One of two tendencies will carry the day as justices of the U.S. Supreme Court hear arguments for and against Obamacare, or the Affordable Care Act. The three-day hearing was scheduled to end yesterday (Wednesday).

Will the justices take the ideological route, with the court favoring those opposed to the act, or accede to the parties favoring Obamacare, thereby allowing established law and Congress’ act to command the moment? That moment may not arrive until sometime in June, as the justices discuss whether the mandate that everyone be insured remains a law.

Early indications suggest that Chief Justice John Roberts’ court will decide as it did in more recent controversial cases such as Citizens United and Bush’s victory over Gore in 2000–that is, 5 to 4, with the votes of Justices Clarence Thomas and Anthony Kennedy as the deciding factor.

It’s perhaps folly to speculate on the swing vote of Kennedy, since he is known to blow hot and cold, and there are some who feel he will vote in favor of the act, hewing to popular opinion. How that will play out for Obama as the election moves into high gear is anybody’s guess.

If recent polls are reliable barometers, the American public does not like the mandate that punishes them if they don’t have health insurance. One out of six people in the nation are without health insurance, some 50 million people, and if the act is ruled unconstitutional, it would rip out the core of the plan and renew a concern about young people who are carried on their parents’ insurance and coverage of anyone with pre-existing medical conditions.

Last week, a Washington Post/ABC poll indicated that 42 percent of respondents said that the Supreme Court should invalidate the entire law, though 25 percent favored keeping the law while throwing out the individual mandate.

Many critics of the mandate, a sizable contingent of the left, feel that Obama put too much political capital in health care rather than focusing on the deplorable unemployment situation in the country. Even so, it got through Congress and now it is a matter of the law’s constitutionality.

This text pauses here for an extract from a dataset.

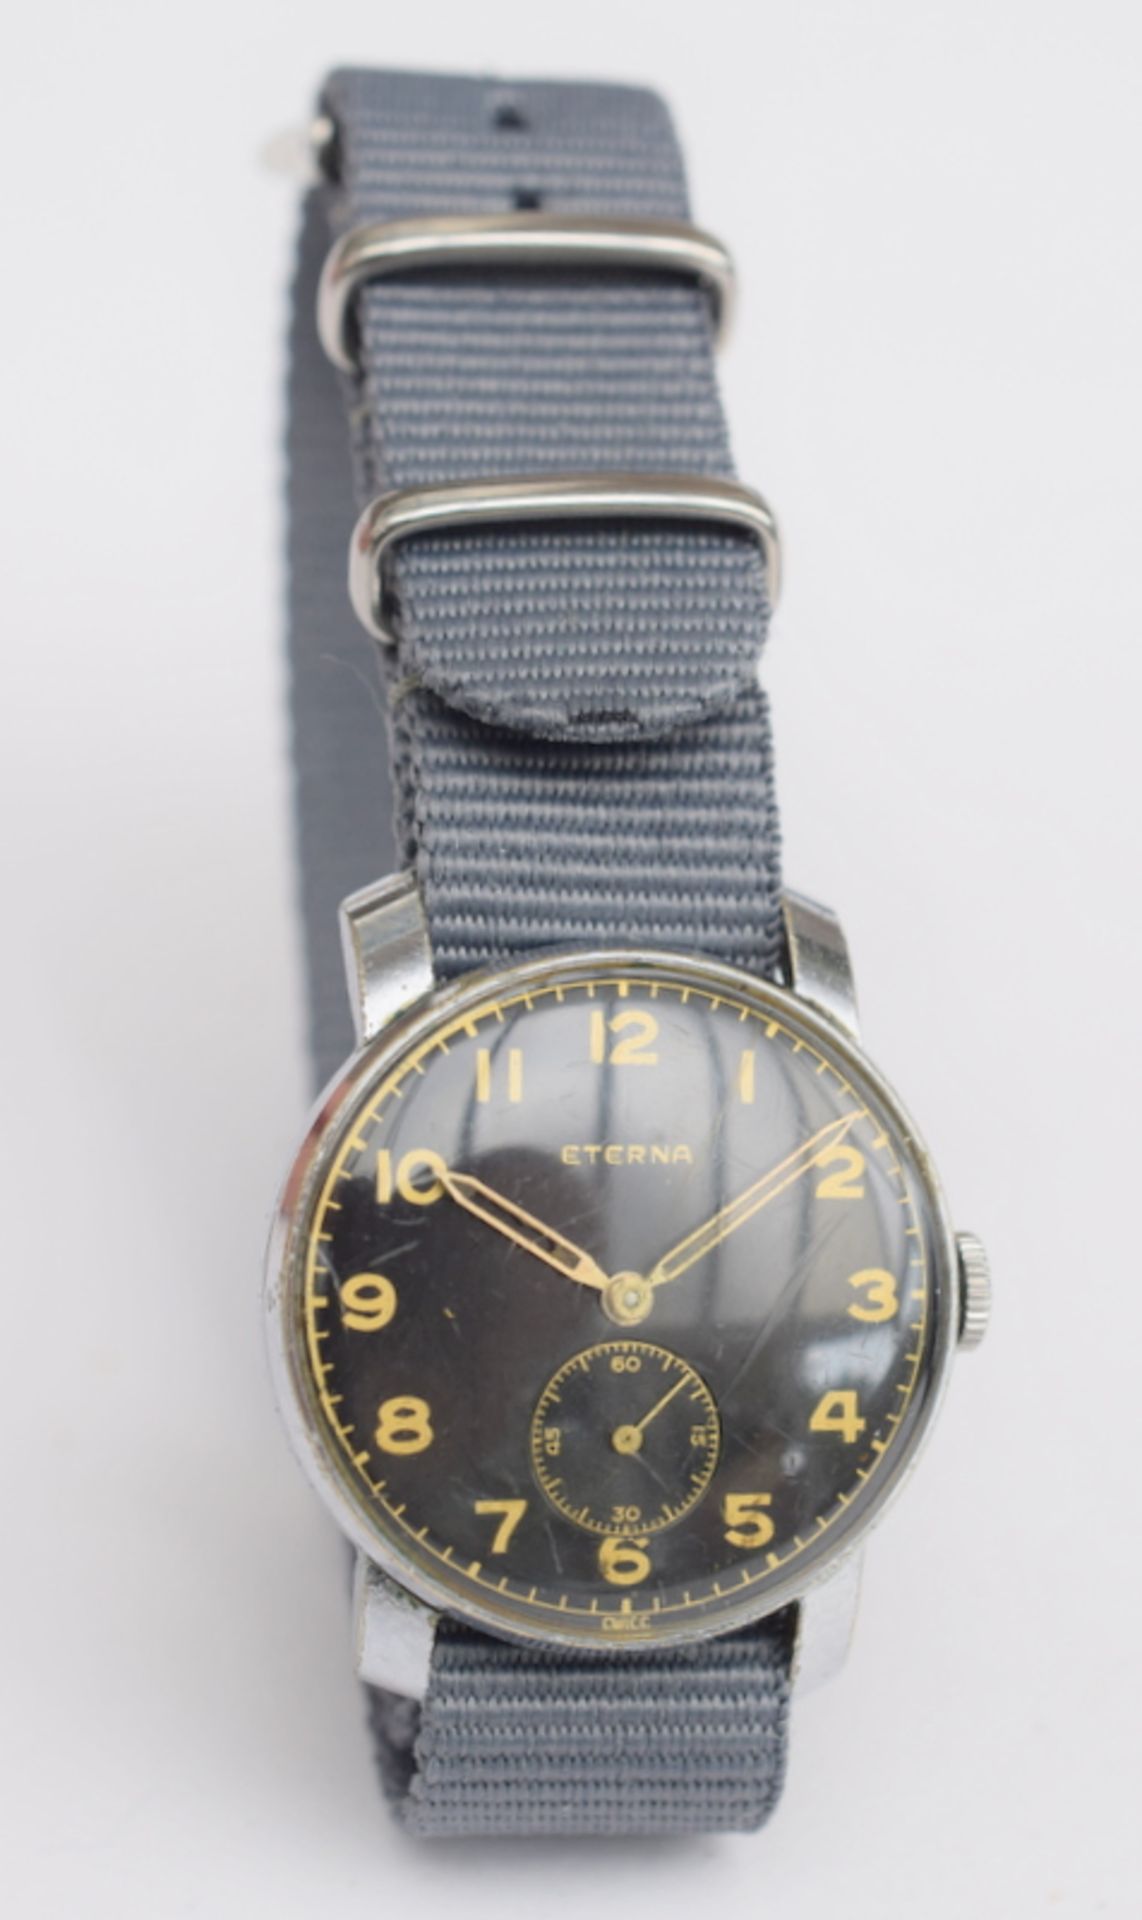 WW2 Era Eterna Dirty Dozen Style Wristwatch - Image 2 of 5

A recent New York Times editorial succinctly explained the differing views on the issue, insisting that it has been improperly framed.

“That view wrongly frames the mechanism created by this law,” the editorial contends, referring to the constitutionality of the mandate and how it impacts the economy and the individual. “The insurance mandate is nothing like requiring people to buy broccoli–a comparison Justice Antonin Scalia suggested in his exasperated questioning of Solicitor General Donald Verrilli Jr. Congress has no interest in requiring broccoli purchases because the failure to buy broccoli does not push that cost onto others in the system.”

The usually perceptive and insightful columnist Ross Douthat believes that Obama could gather more political gain from the defeat of the mandate than its success. That logic is based on the acceptance of the minor provisions of the bill and the rejection of the mandate, though to reject the mandate would appear to eviscerate the act.

It may all end with some sort of compromise, with the court throwing out the constitutional argument and adopting the other provisions. This gets us right back to where we began on this matter, and again, the conclusion of the Times’ editorial may be the best answer:

“If the Supreme Court hews to established law,” the editorial concluded, “the only question it must answer in this case is modest: Did Congress have a rational basis for concluding that the economic effects of a broken health care system warranted a national solution? The answer is incontrovertibly yes.”